Most queries don't trigger short-circuit because keyword results are rarely so dominant. When they do (e.g., searching for an exact function name), you get a latency boost automatically.


9. Combining Advanced Features

Here are realistic query patterns combining multiple advanced features:

Find exact function implementation, fast

search("lex:hybrid_search", filter_language="python", output_format="files")

Keyword-only (fast), Python-specific, returns just file paths. Latency: <2ms.

Search for patterns in docs only

doc_search_tool("retry with exponential backoff", formats="markdown")

Excludes code files, searches only documentation. Latency: ~10-50ms depending on doc size.

Boost semantic for architecture questions

search(
    "how does the indexing pipeline work",
    weights="keyword=1.0,semantic=2.0,graph=0.8",
    expand_context="full"
)

Prioritizes semantic signal (good for conceptual questions), shows full context for understanding the system. Latency: ~20-30ms.

Find "error" handling but not tests

search(
    "error NOT test",
    advanced_fts=True,
    filter_language="typescript"
)

Negation to exclude noisy test results, TypeScript-only. Latency: ~1-2ms (FTS5 is very fast).

search(
    "NEAR(graph PageRank, 3)",
    advanced_fts=True,
    weights="keyword=2.0"
)

Finds "graph" and "PageRank" discussed together, boosts keyword matching. Latency: ~1-2ms.


10. Troubleshooting Advanced Queries

Advanced FTS operator syntax errors

Problem: Query with operators returns 0 results or an error.

Fix: FTS5 operator syntax is strict. If a query fails: 1. Fall back to advanced_fts=False (escapes all operators) 2. Simplify the query (e.g., "phrase" works, but "phrase with many words" might fail) 3. Use simpler operators first (phrases work most reliably; NEAR is pickier)

Semantic results feel irrelevant (vec mode)

Problem: search("vec:my query") returns off-topic results.

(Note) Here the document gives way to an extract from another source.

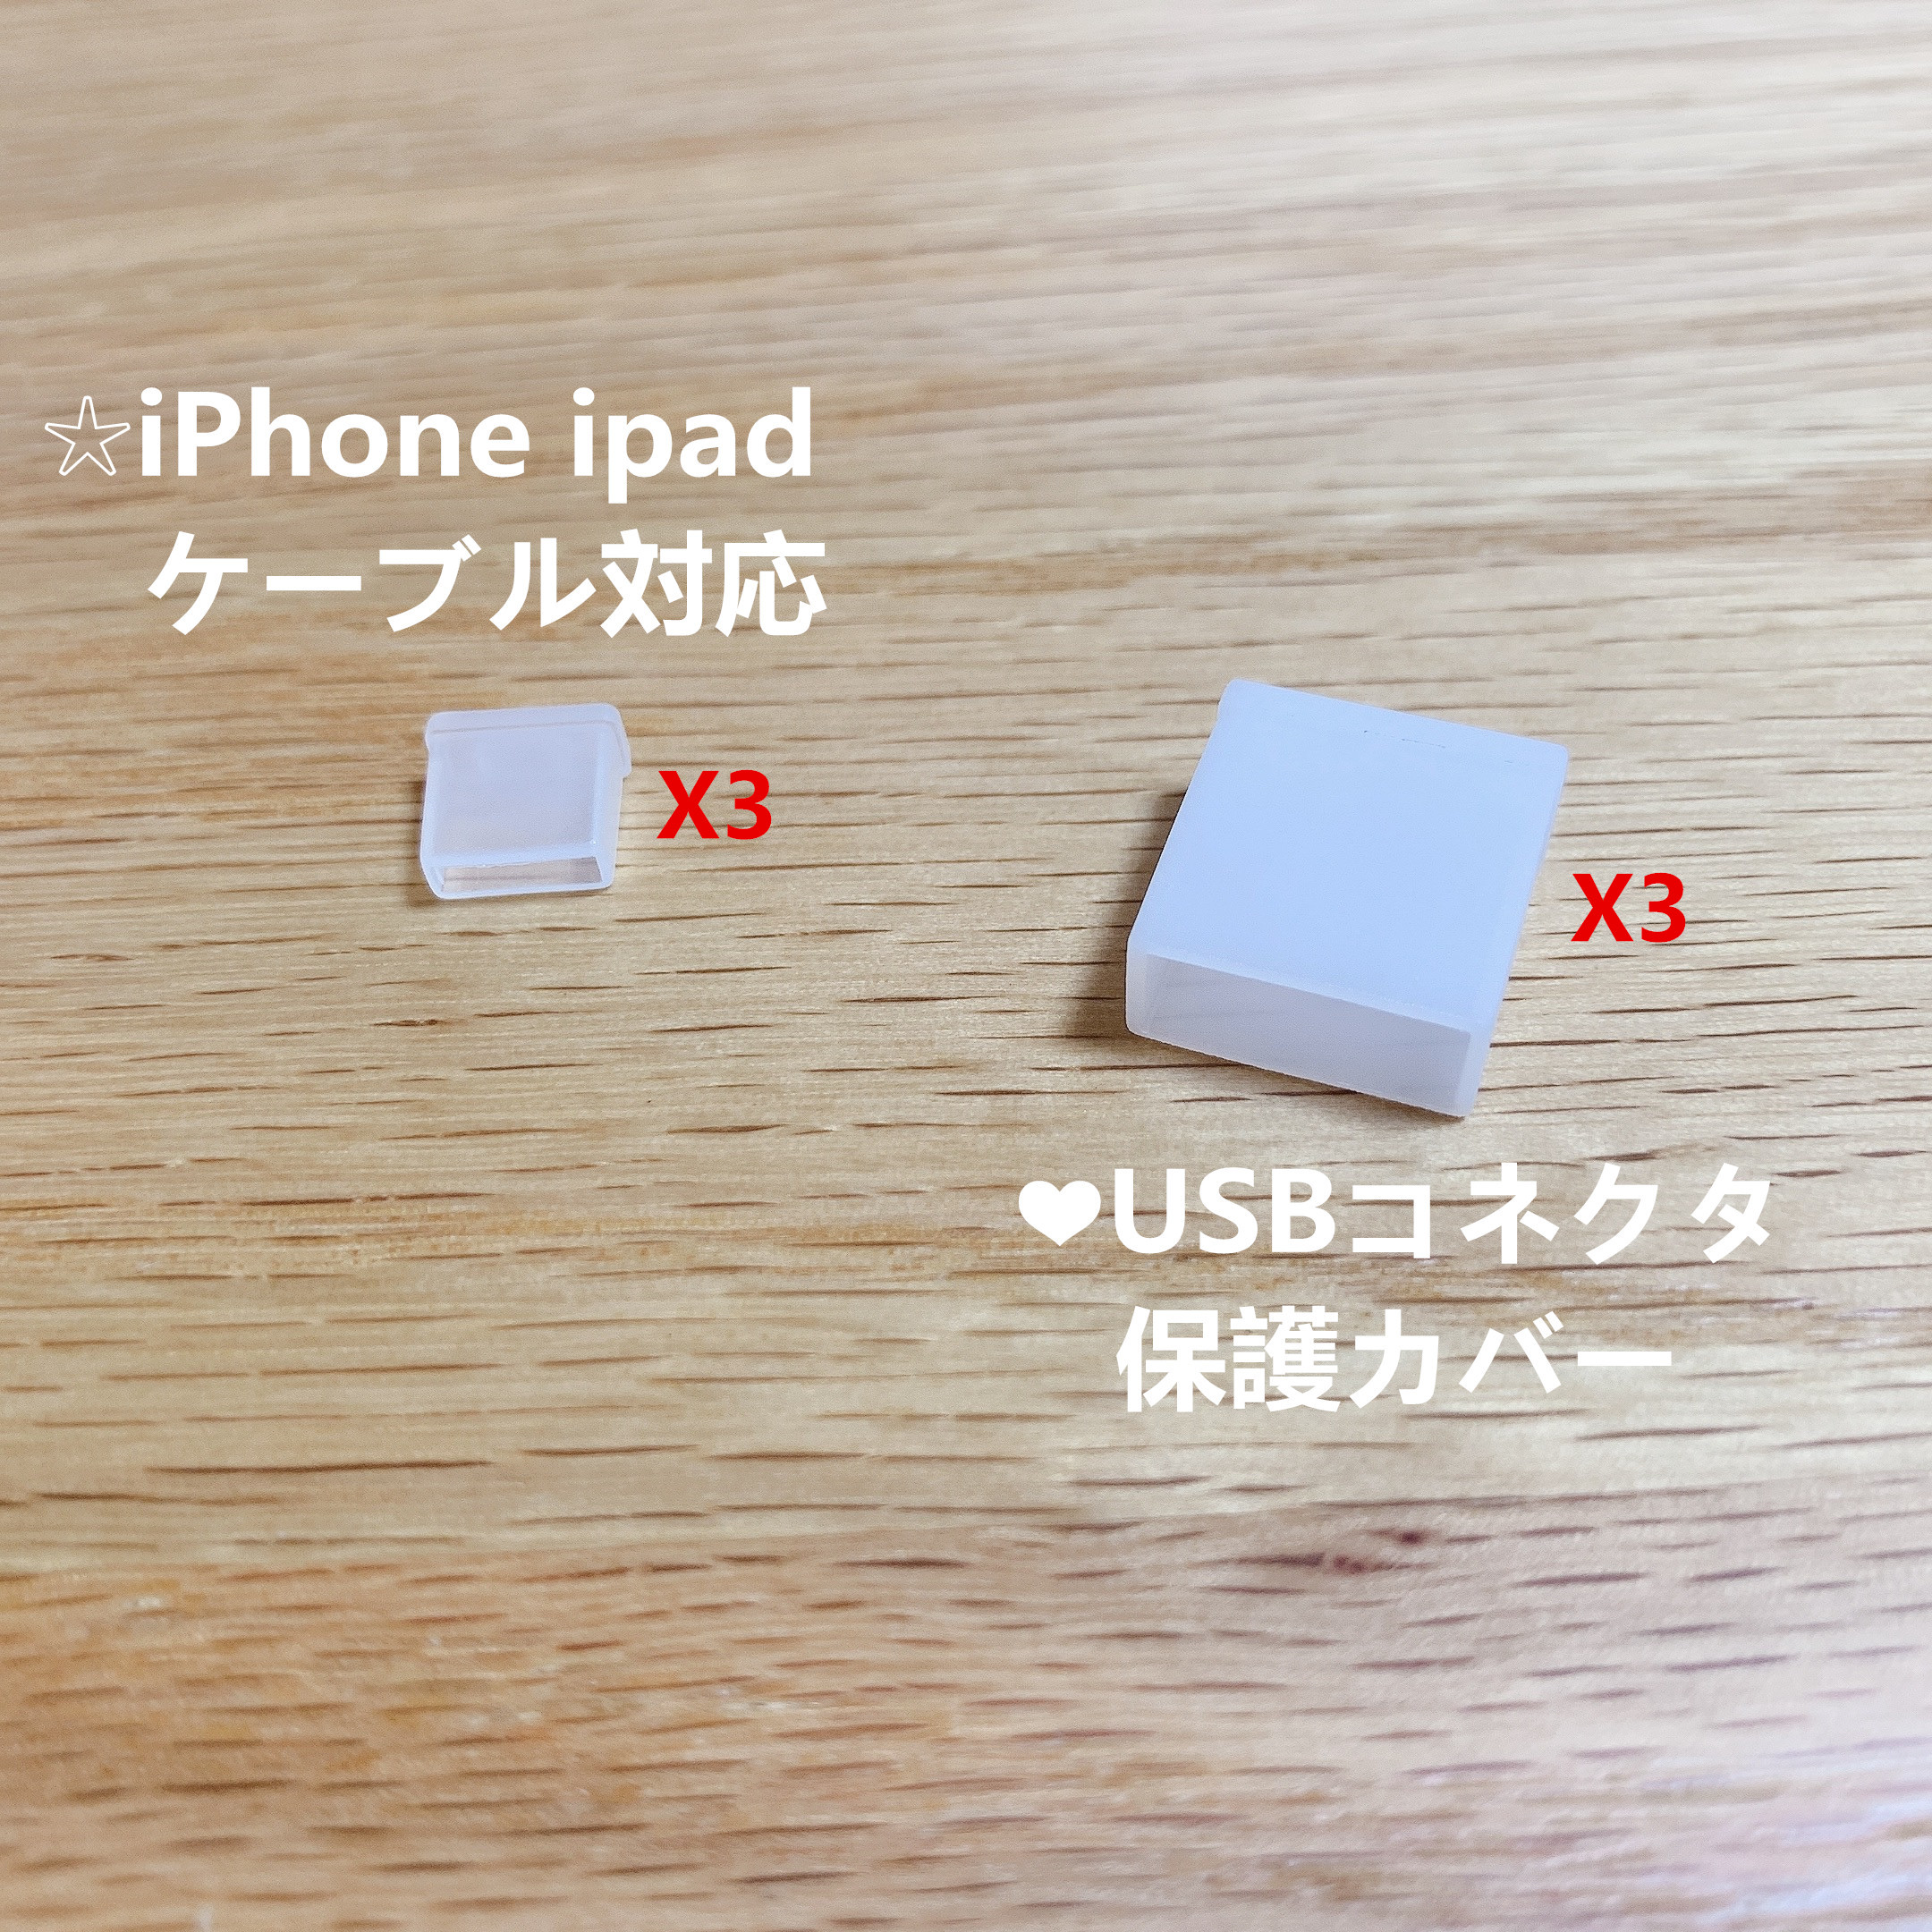 最大10%OFFクーポン 再入荷 lighting to USB コネクタ保護カバー キャップ PE製 iPhone ipad ケーブル 対応 USB2.0 3.0 3.1 USB-Aタイプ idiskk-USB mojipodaci.rs mojipodaci.rs

Fix: 1. Try search("lex:my query") first to see if keyword results are better 2. Switch to HYDE: search("hyde:my query") 3. Boost keyword in hybrid: weights="keyword=2.0,semantic=1.0" 4. Provide more context in the query (longer, more descriptive queries embed better)

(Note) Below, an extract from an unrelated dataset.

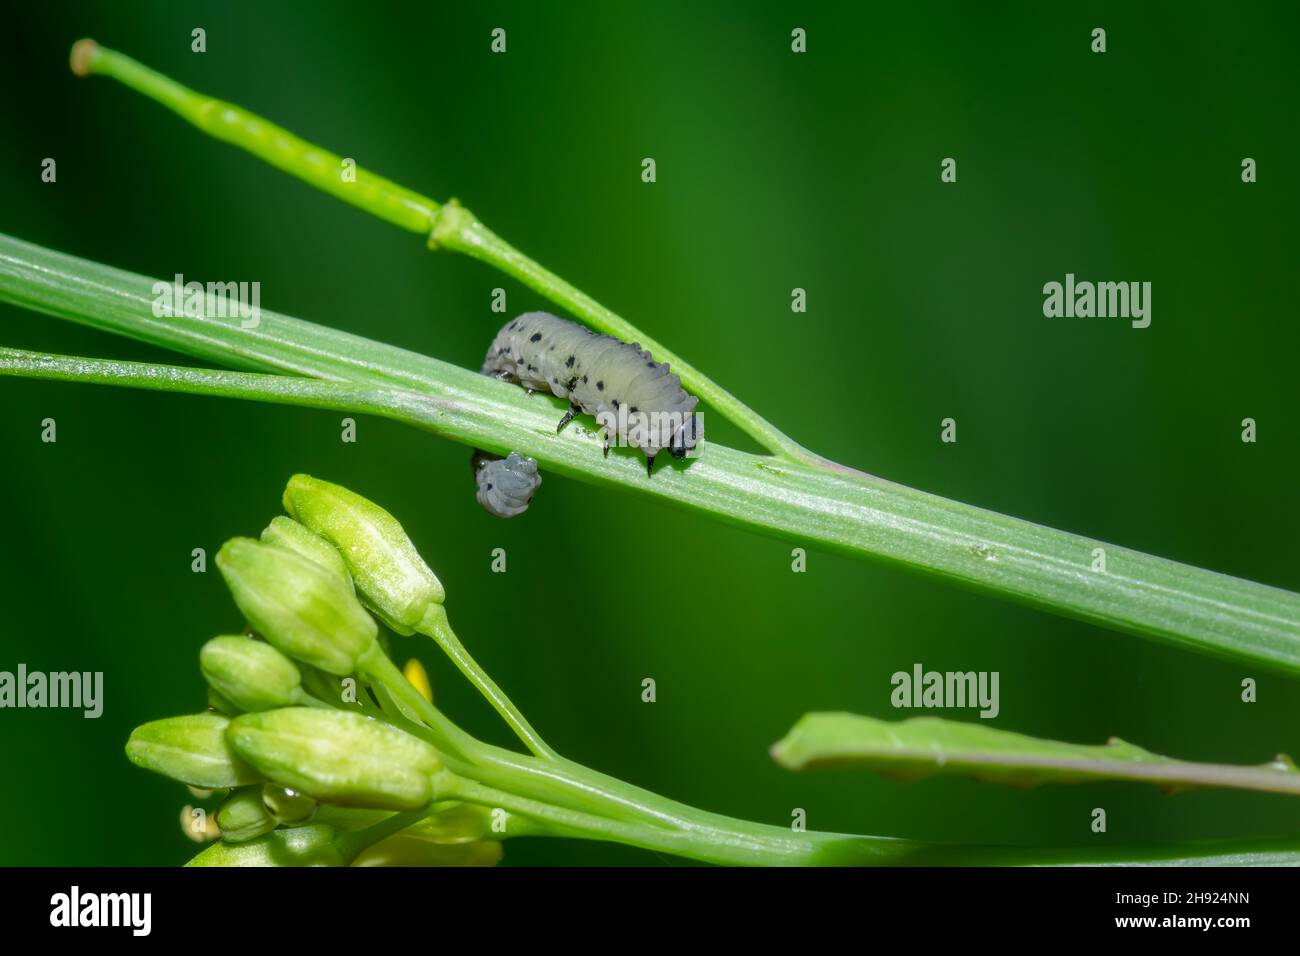 Las larvas de la mosca de la mostaza en la planta de la mostaza. El nombre científico es Athalia lugens, que es una plaga importante de la cosecha de mostaza. Foto de stock

Too many results (one language/format has too much content)

Problem: 1000+ chunks match, but you only see 10 results.

Fix: 1. Use filter_language to narrow by language 2. Use source_type to narrow by code vs docs 3. Use document formats to narrow by file type (e.g., formats="yaml" instead of all configs)

Keyword search is too strict

Problem: search("lex:function_name") finds nothing, but you know it exists.

Fix: 1. Try search("vec:function_name") for semantic matching 2. Use prefix: search("lex:function*", advanced_fts=True) 3. Provide context: search("lex:function_name authentication")


11. Weight Tuning Guidelines

The default weights keyword=1.5,semantic=1.0,graph=0.8 are tuned for general-purpose search. Here's how to think about tuning:

Goal Suggested Weights Reasoning
Find by exact name keyword=2.0,semantic=0.5 Minimize noise, exact match only
Understand design keyword=1.0,semantic=2.0 Maximize conceptual matching
Find critical code keyword=1.0,semantic=1.0,graph=2.0 Structural importance wins
Balanced search keyword=1.5,semantic=1.0,graph=0.8 Default (use this most of the time)

Don't over-tune: For most searches, defaults work fine. Reserve custom weights for specific, repeatable queries where you notice results are consistently off.


Summary

Advanced search in Tessera gives you control over:

  • Precision (FTS5 operators, negation)
  • Speed (keyword-only mode, short-circuit)
  • Signal balance (custom weights)
  • Scope (language, source type, format filters)
  • Presentation (output format, snippet context)

Start with defaults. When results aren't what you expect, use one advanced feature at a time. The benchmark data in this guide shows real performance numbers — use them to decide if a feature is worth the latency cost for your use case.